Fix terraform prevent_destroy errors blocking resource deletion. Temporarily disable, use state rm to decouple, and understand when to use prevent_destroy for databases and S3 buckets.

Table of Contents

Quick Answer

# Temporarily set to false
lifecycle {
  prevent_destroy = false  # Was true
}
terraform apply   # Applies the lifecycle change
terraform destroy -target=aws_db_instance.main

Then re-enable prevent_destroy = true.

The Error

Error: Instance cannot be destroyed

  on rds.tf line 5:
   5: resource "aws_db_instance" "main" {

Resource aws_db_instance.main has lifecycle.prevent_destroy set, but the
plan calls for this resource to be destroyed. To avoid this error and
continue with the plan, either disable lifecycle.prevent_destroy or
reduce the scope of the change.

What Causes This

prevent_destroy = true in the lifecycle block intentionally blocks any operation that would destroy the resource. This triggers when:

  1. Running terraform destroy — directly deleting protected resources
  2. Changing a force-replacement attribute — e.g., changing RDS engine forces replacement (destroy + create)
  3. Removing the resource from config — deleting the resource block from .tf files
  4. Renaming the resourceaws_instance.webaws_instance.app without moved block

Solution 1: Temporarily Disable

resource "aws_db_instance" "main" {
  # ...

  lifecycle {
    prevent_destroy = false  # Temporarily disabled
  }
}
terraform apply            # Apply the lifecycle change
terraform destroy -target=aws_db_instance.main  # Now works

Remember to re-enable prevent_destroy = true for other environments!

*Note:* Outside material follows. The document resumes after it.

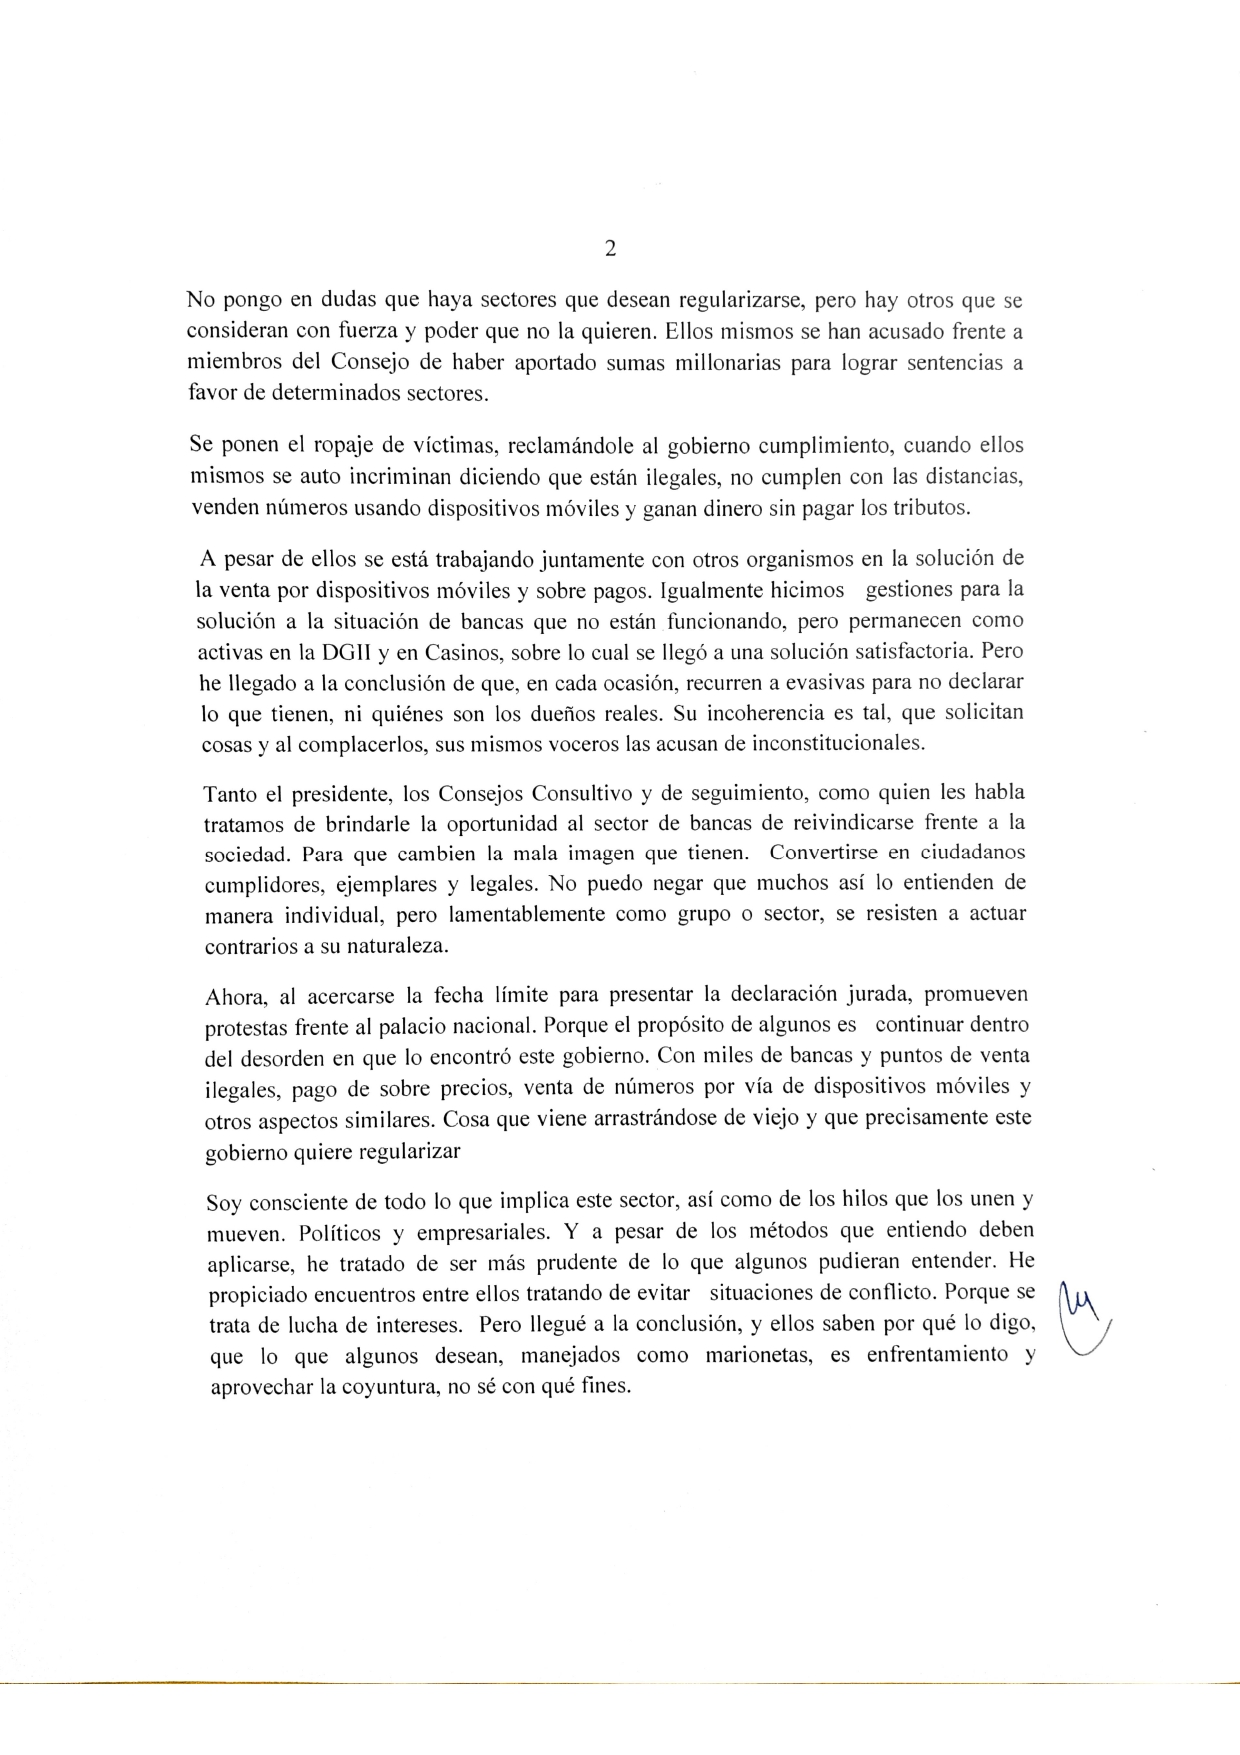 Declaraciones_de_Quico_Tabar_ante_la_posicin_del_los_banqueros_page-0002.jpg

Solution 2: Remove from State (Keep the Resource)

If you want to stop managing the resource without destroying it:

# Removes from Terraform state — the actual resource stays in AWS
terraform state rm aws_db_instance.main

Then remove the resource block from your .tf files. The database continues running, just no longer managed by Terraform.

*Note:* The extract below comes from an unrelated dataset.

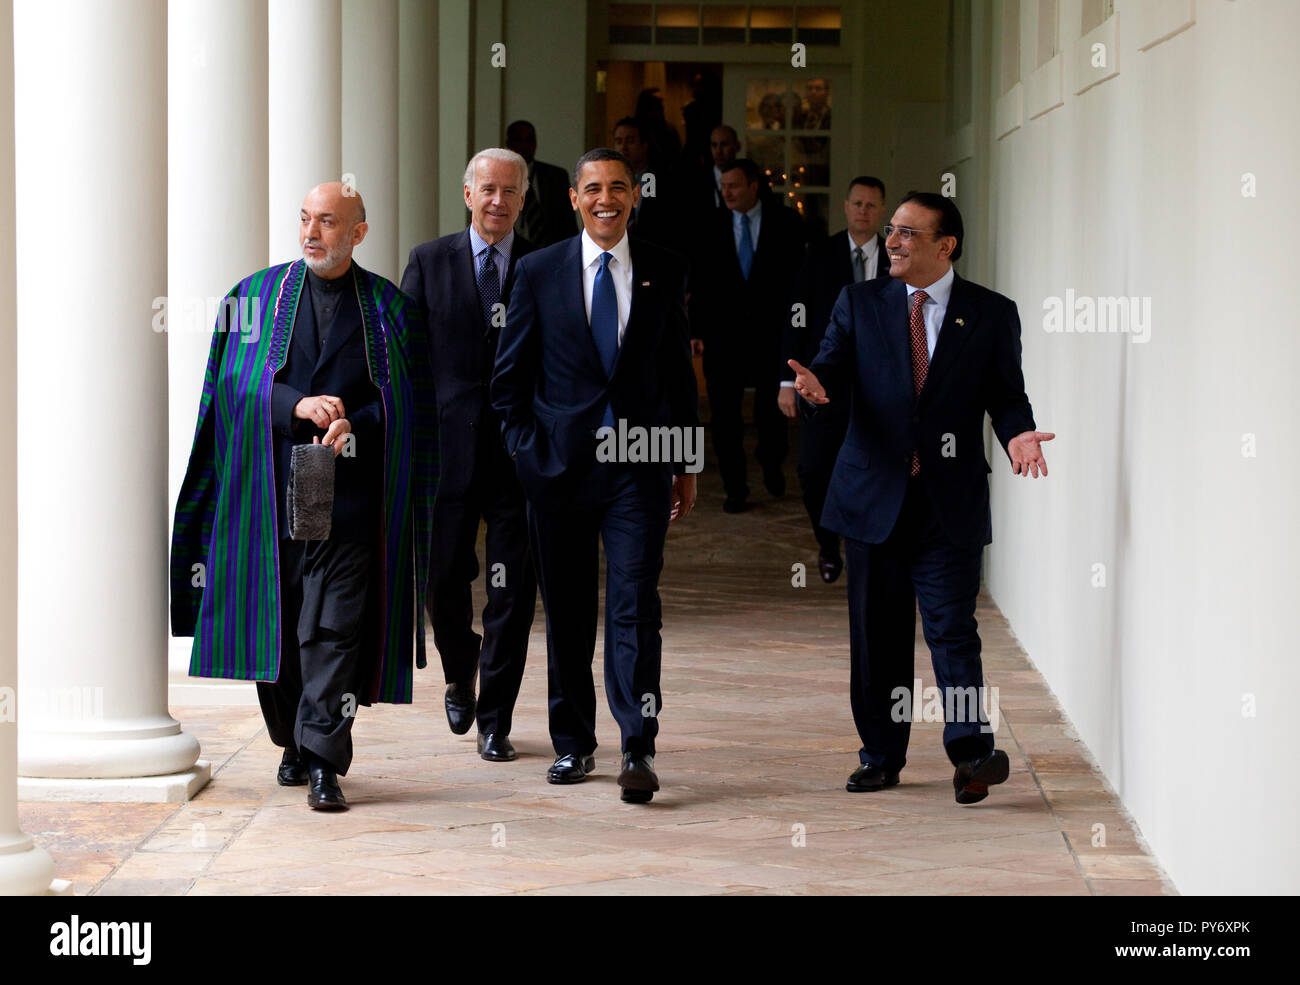 Le président Barack Obama (au centre) avec le président afghan Hamid Karzaï et le Pakistan le président Zardari à pied le long de la Colonnade à la suite d'un Afghan-Pakistan-nous réunion trilatérale à Salle du conseil des ministres le 6 mai 2009. Photo Officiel de la Maison Blanche par Pete Souza Banque D'Images

Solution 3: Use moved Block for Renames

# This causes destroy + create (blocked by prevent_destroy)
# resource "aws_instance" "app" { ... }  # renamed from "web"

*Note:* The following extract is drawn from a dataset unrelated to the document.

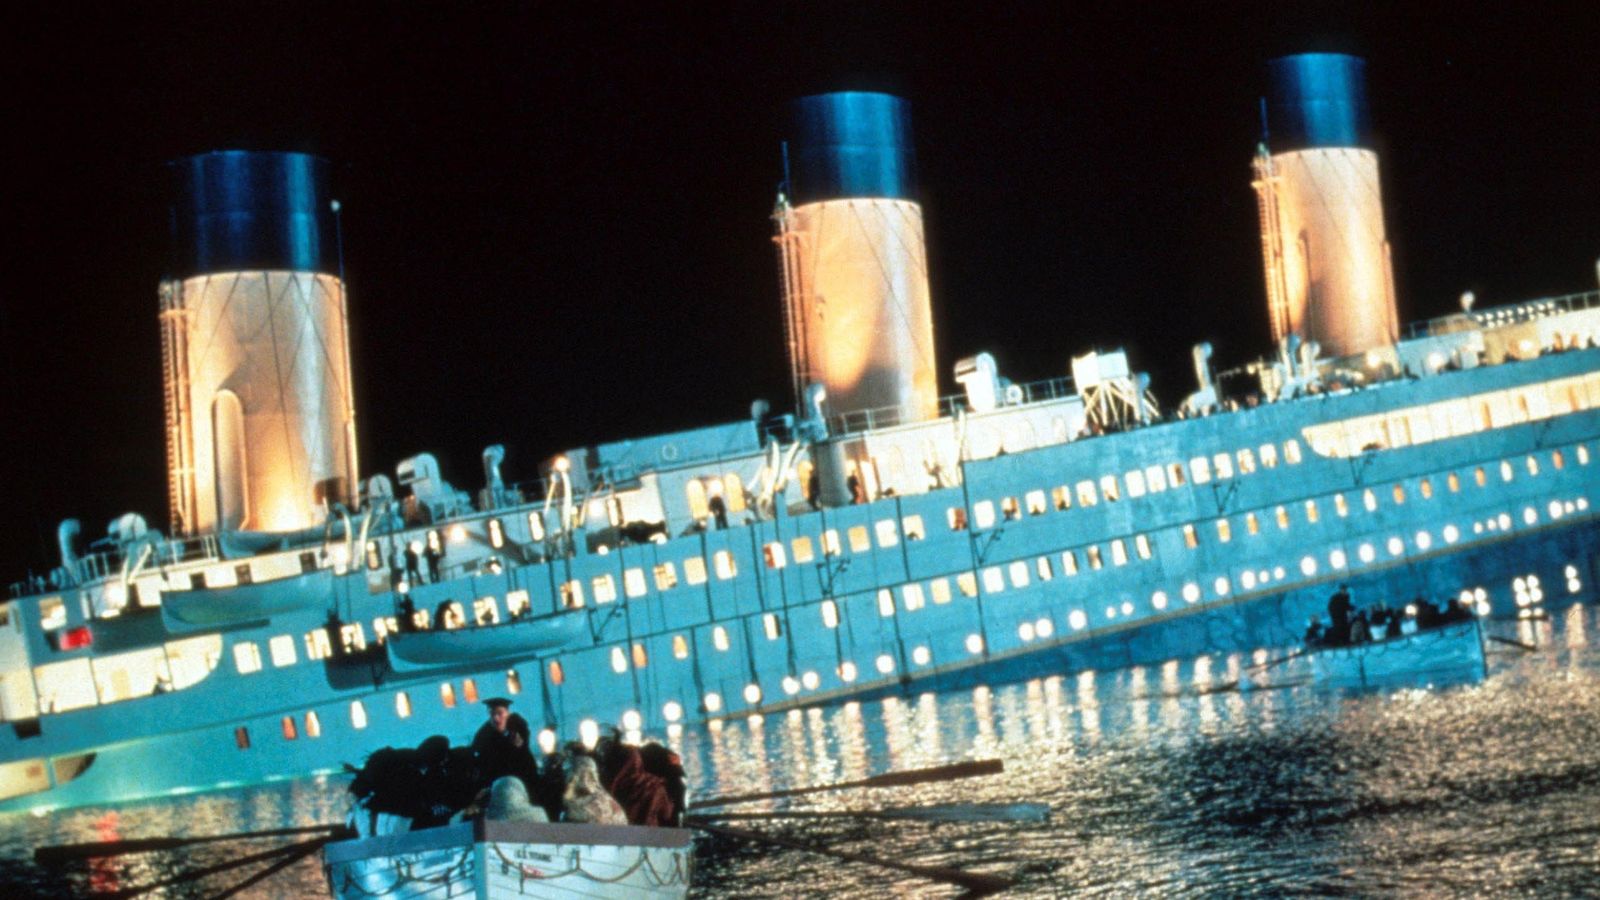 James Cameron: Reżyser „Titanica” obsadził tylko statystów krótszych niż 175 cm w celu cięcia kosztów |  Wiadomości o sztuce i sztuce

# Instead, use moved block (no destroy):
moved {
  from = aws_instance.web
  to   = aws_instance.app
}

resource "aws_instance" "app" {
  # ...
  lifecycle {
    prevent_destroy = true
  }
}

Solution 4: Reduce Scope of Change

If a force-replacement attribute triggers the error:

# ❌ This forces replacement (destroy + create) → blocked
resource "aws_db_instance" "main" {
  engine = "mysql"      # Was "postgres"  can't change in-place
  lifecycle { prevent_destroy = true }
}

# ✅ Create new instance with different name, migrate data, then remove old
resource "aws_db_instance" "main_v2" {
  engine = "mysql"
}

When to Use prevent_destroy

Use it on resources where accidental deletion is catastrophic:

# Databases — data loss
resource "aws_db_instance" "production" {
  lifecycle { prevent_destroy = true }
}

resource "aws_rds_cluster" "production" {
  lifecycle { prevent_destroy = true }
}

# S3 buckets with important data
resource "aws_s3_bucket" "backups" {
  lifecycle { prevent_destroy = true }
}

# DNS zones
resource "aws_route53_zone" "primary" {
  lifecycle { prevent_destroy = true }
}

# KMS keys (can't be recreated with same ID)
resource "aws_kms_key" "main" {
  lifecycle { prevent_destroy = true }
}

Don’t use it on:

  • EC2 instances (replaceable)
  • Security groups (no data loss)
  • IAM roles (recreatable)

Combining with AWS Protection

resource "aws_db_instance" "main" {
  deletion_protection = true   # AWS-level protection

  lifecycle {
    prevent_destroy = true     # Terraform-level protection
  }
}

Double protection: Terraform won’t plan the destroy, AND AWS won’t execute it even if Terraform tried.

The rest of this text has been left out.